Citation Numbers: 30 A.D.3d 26, 813 N.Y.S.2d 71
Judges: Sweeny
Filed Date: 4/6/2006
Status: Precedential
Modified Date: 10/19/2024
OPINION OF THE COURT
The case before us arises out of the ultimate settlement of a lawsuit brought by numerous governmental entities against major tobacco producers to recoup health-care costs associated with tobacco use. The negotiations leading up to this settlement were extensive and exhaustive. The result was a written agreement between the states and the tobacco companies, called the “Master Settlement Agreement” (MSA), which set forth in detail the rights and responsibilities of the parties, including the amounts to be paid by the tobacco companies and the formulae used to compute the various payments to be made. In an attempt to obviate future litigation concerning certain computations and payments to be made by the tobacco companies, the agreement contained an arbitration clause which could be invoked under certain circumstances. The interpretation of that clause is the subject of this litigation. The issue before us is whether the arbitration clause in the MSA applies to determinations concerning specific application of downward adjustments to payments due from appellants. For the following reasons, we hold that it does.
The MSA provides for each settling manufacturer to make an annual lump-sum payment, as well as to agree to certain marketing restrictions and other obligations. The payment obligation is calculated annually and allocated among the settling governmental entities. The calculation of how much is owed is made by an Independent Auditor. The calculation begins with an agreed upon annual aggregate payment as set forth in the MSA ($6.5 billion in 2002, rising to $9 billion in 2018). The aggregate amount is allocated to the OPMs and SPMs based on market share, which is calculated by the percentage share of the total number of cigarettes sold nationally, and is then subject to certain adjustments. One such adjustment is designed to compensate all participating manufacturers for any loss of market share that may be attributable to the competitive disadvantage these companies face as a result of the MSA, as against nonparticipating manufacturers (NPMs). This “NPM Adjustment” is calculated by the Independent Auditor on a nationwide basis utilizing a procedure set forth in the MSA.
The Auditor first compares the aggregate market share of the participating manufacturers with their aggregate market share for the base year 1997. If the aggregate market share has decreased by more than 2%, there is a “Market Share Loss.” For each year where the Market Share Loss is greater than zero, the MSA provides that “a nationally recognized firm of economic consultants (the ‘Firm’) shall determine whether the disadvantages experienced as a result of the [MSA] were a significant factor contributing to the Market Share Loss for the year in question” (MSA § IX [d] [1] [C]). Only if the Firm determines that the MSA was a significant factor contributing to the Market Share Loss will the NPM Adjustment apply. The determination of the Firm is final and nonappealable.

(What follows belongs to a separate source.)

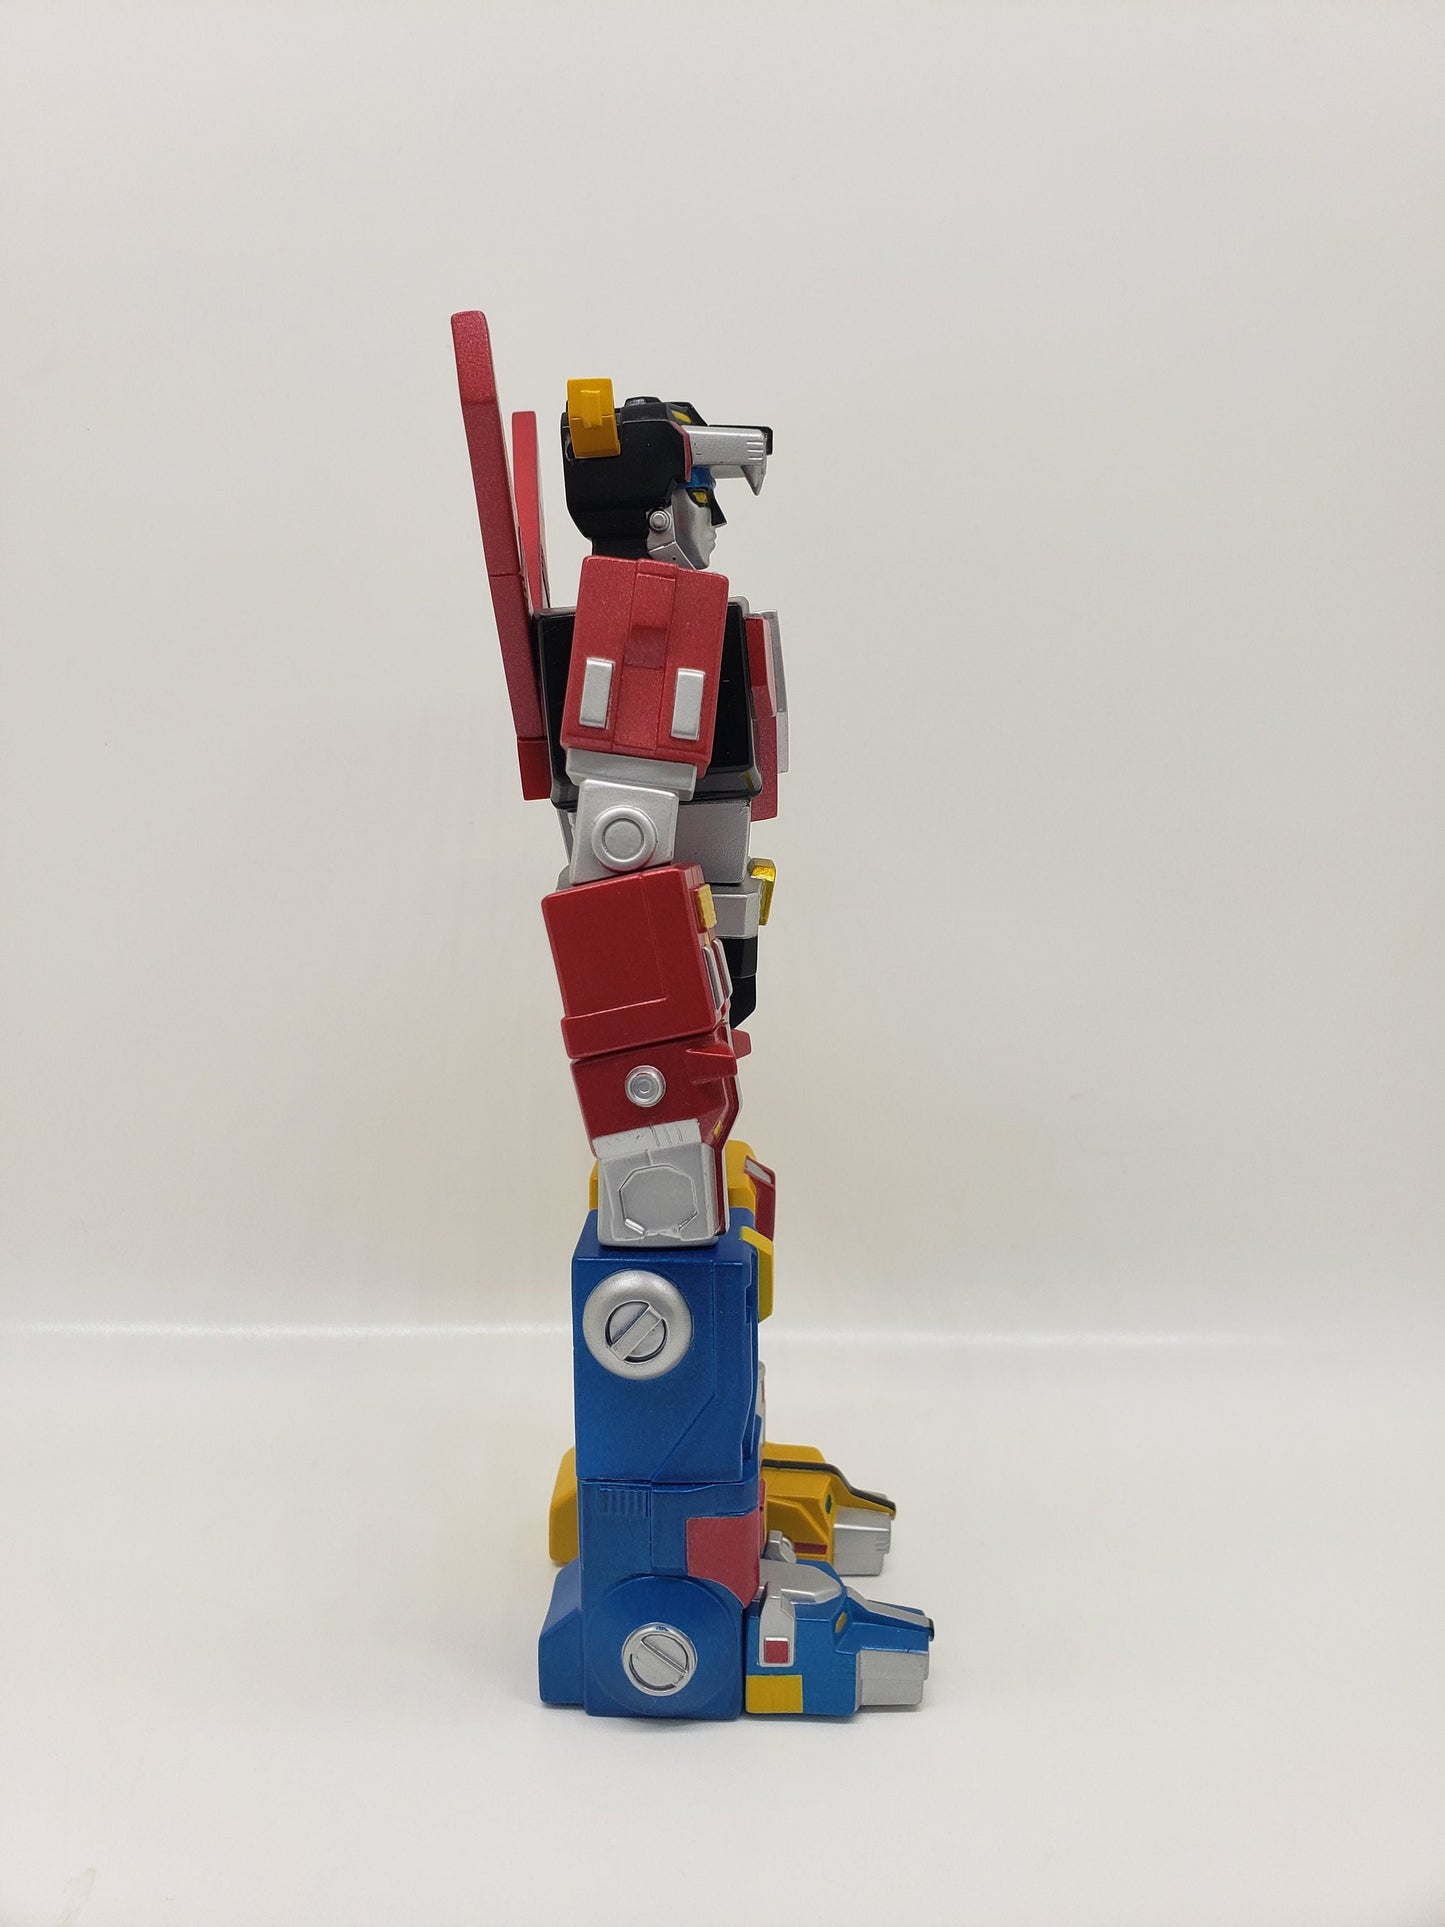 Toynami Voltron Vinyl Action Figure Red 2009 WEP Vintage Collectable Vinyl Designer Toy Pop Culture Perfect Birthday Gift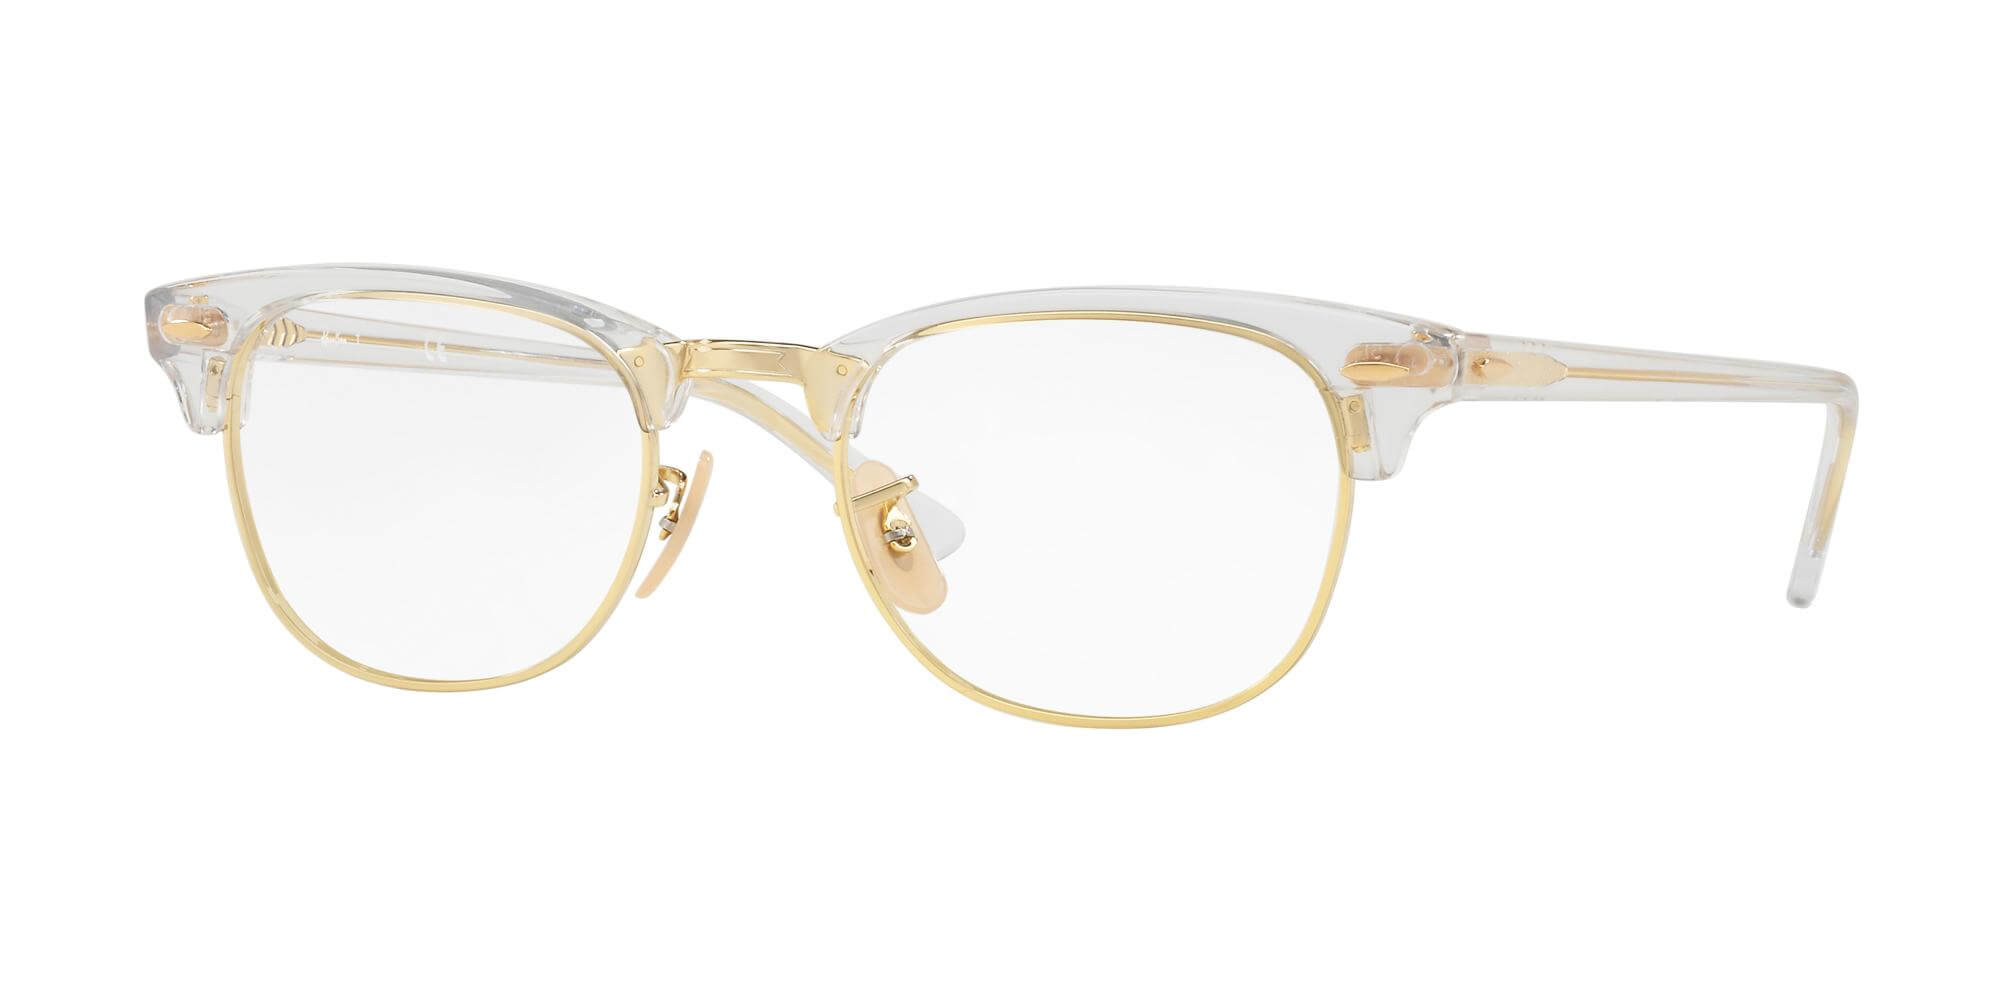 Ray-BanCLUBMASTER RX 5154Crystal Gold (5762)

Section IX (d) (2) provides that the NPM Adjustment shall apply to the allocated payments of all settling states, except that a settling state will not be subject to the NPM Adjustment “if such Settling State continuously had a Qualifying Statute
Each individual state court retains jurisdiction for purposes of implementing and enforcing the MSA. However, section XI (c) of the MSA, entitled “Resolution of Disputes,” provides:
“Any dispute, controversy or claim arising out of or relating to calculations performed by, or any determinations made by, the Independent Auditor (including, without limitation, any dispute concerning the operation or application of any of the adjustments, reductions, offsets, carry-forwards and allocations described in subsection IX (j) or subsection XI (i) shall be submitted to binding arbitration before a panel of three neutral arbitrators, each of whom shall be a former Article III federal judge. Each of the two sides to the dispute shall select one arbitrator. The two arbitrators so selected shall select the third arbitrator. The arbitration shall be governed by the United States Federal Arbitration Act.”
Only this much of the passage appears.